=== SUPPLIED ENTRIES ===

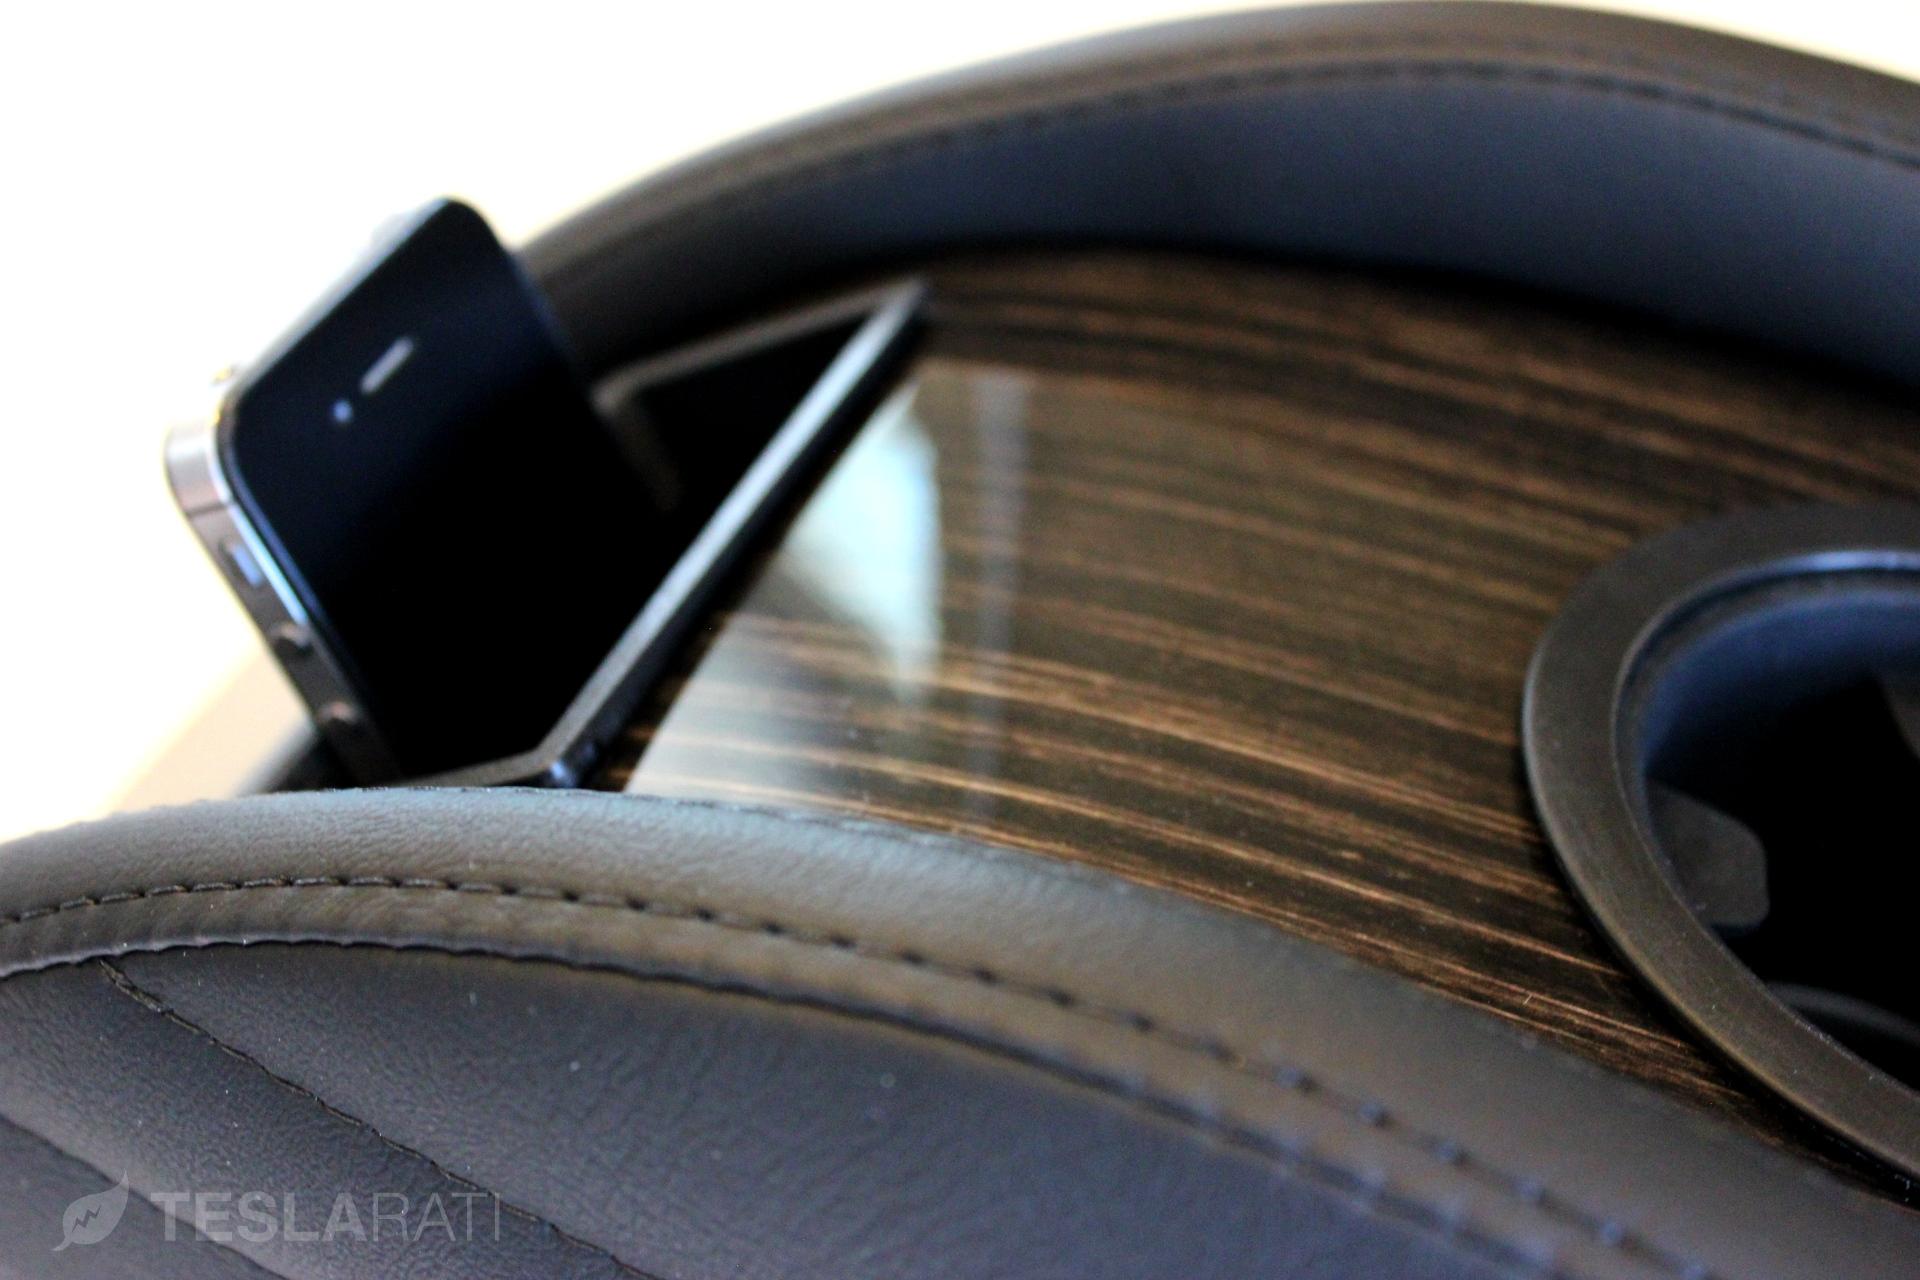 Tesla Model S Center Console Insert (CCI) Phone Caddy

===
=== SUPPLIED ENTRIES ===

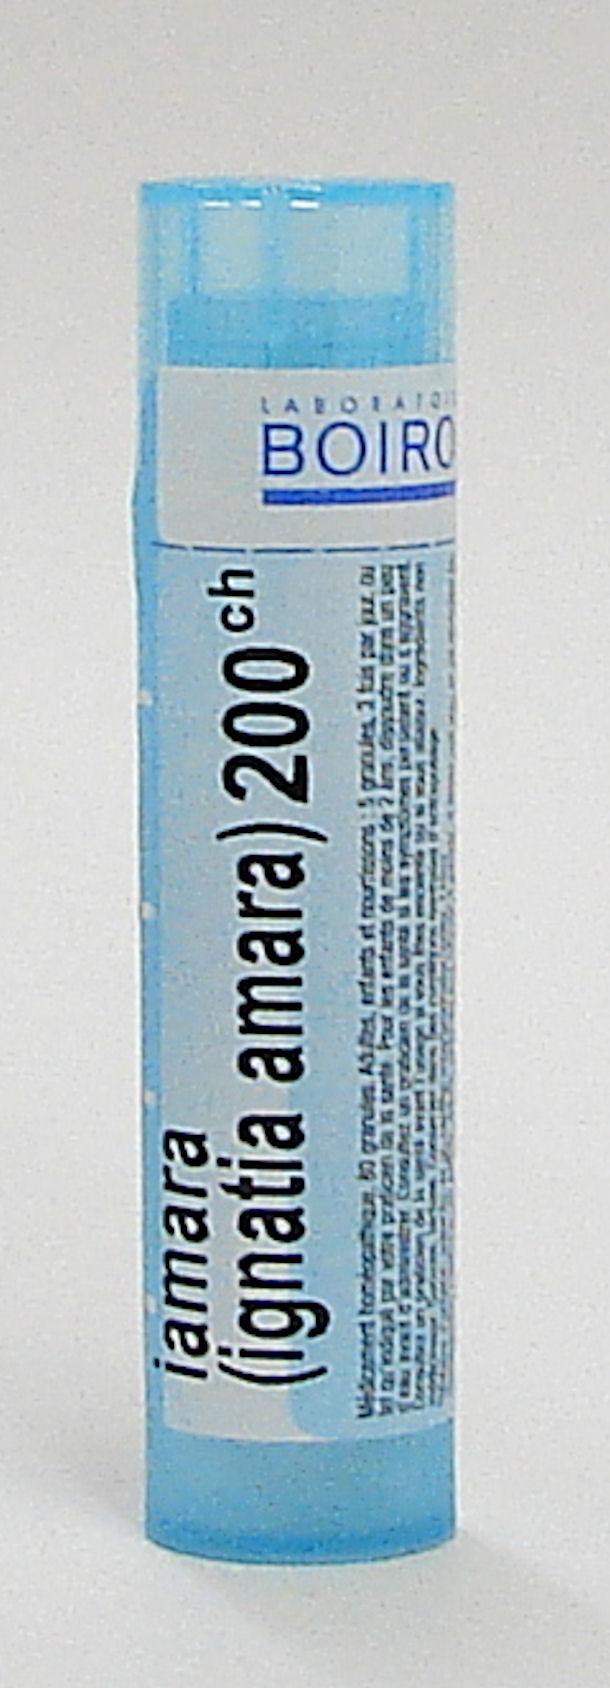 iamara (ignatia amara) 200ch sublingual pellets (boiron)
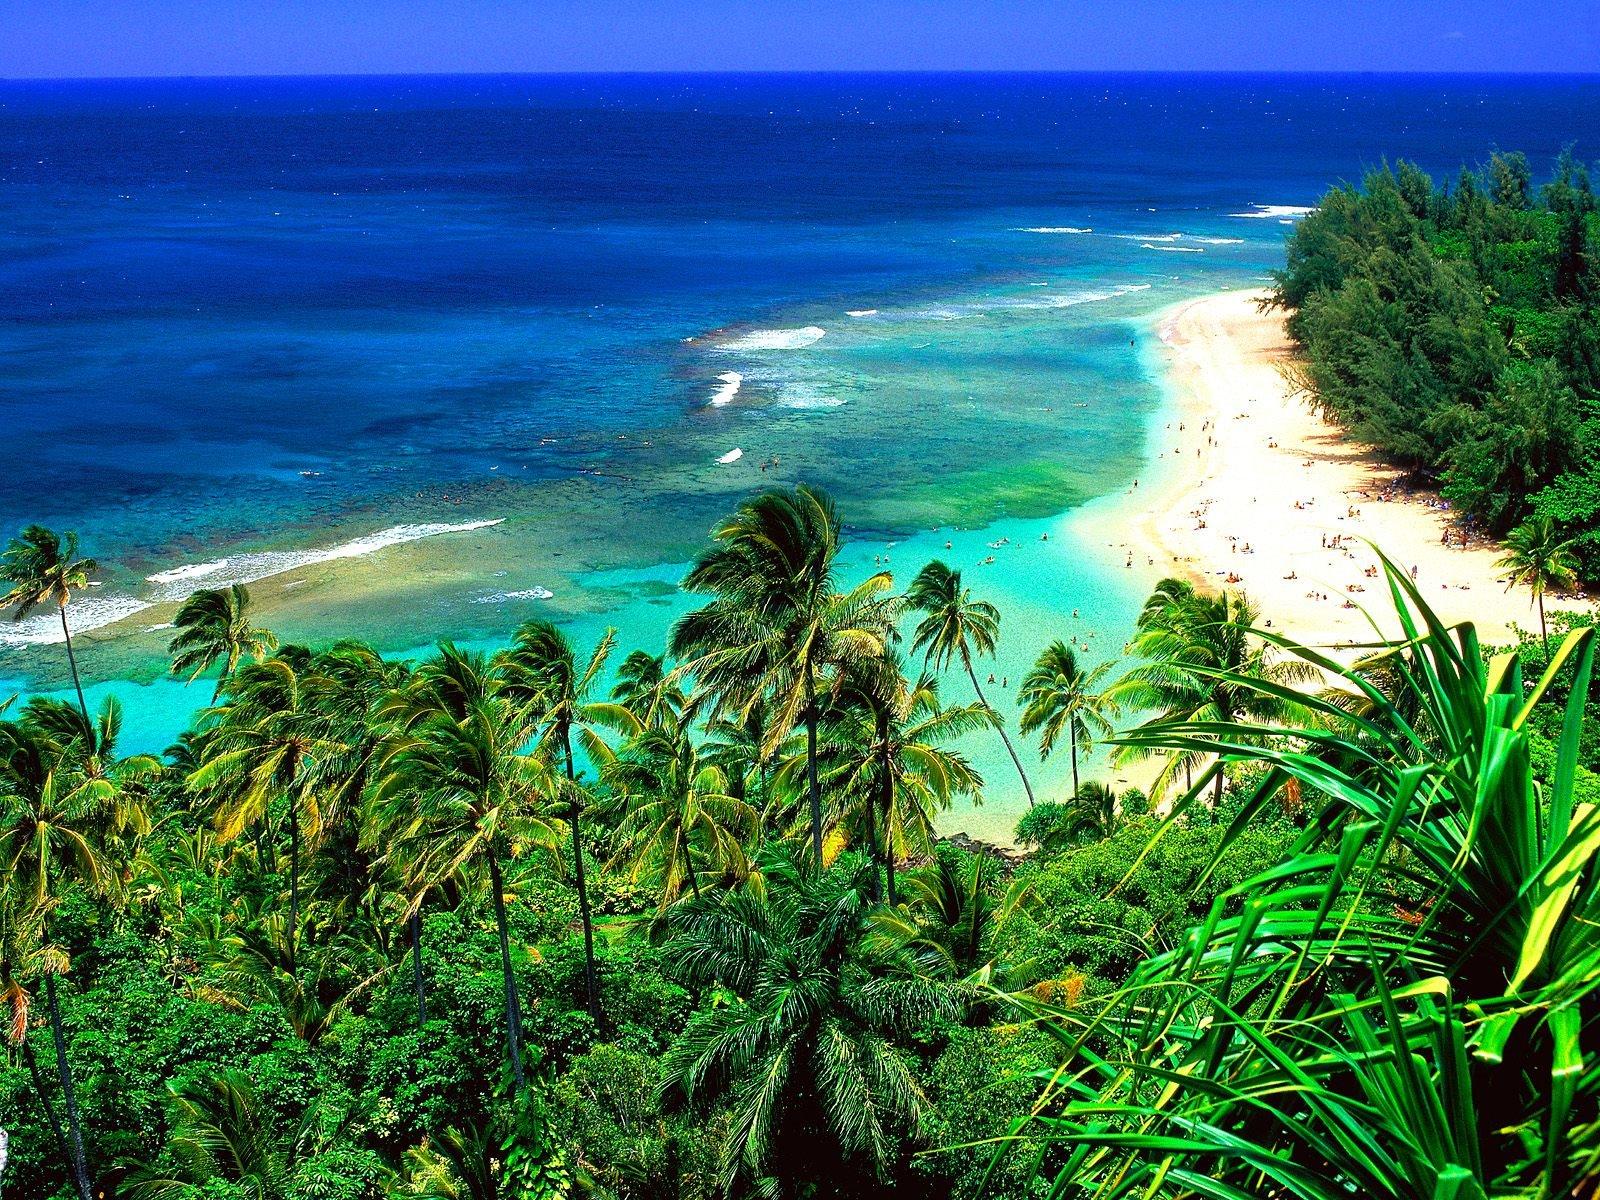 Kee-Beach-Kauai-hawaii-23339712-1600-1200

===

WHAT IS REQUIRED: Only the lines of the listing above from the one with "iamara (ignatia amara)" through the one with "Kee-Beach-Kauai-hawaii-23339712-1600-1200" should be output, exactly, with both ends kept and pictures left out.

WRITTEN RESPONSE:
 iamara (ignatia amara) 200ch sublingual pellets (boiron)
 Kee-Beach-Kauai-hawaii-23339712-1600-1200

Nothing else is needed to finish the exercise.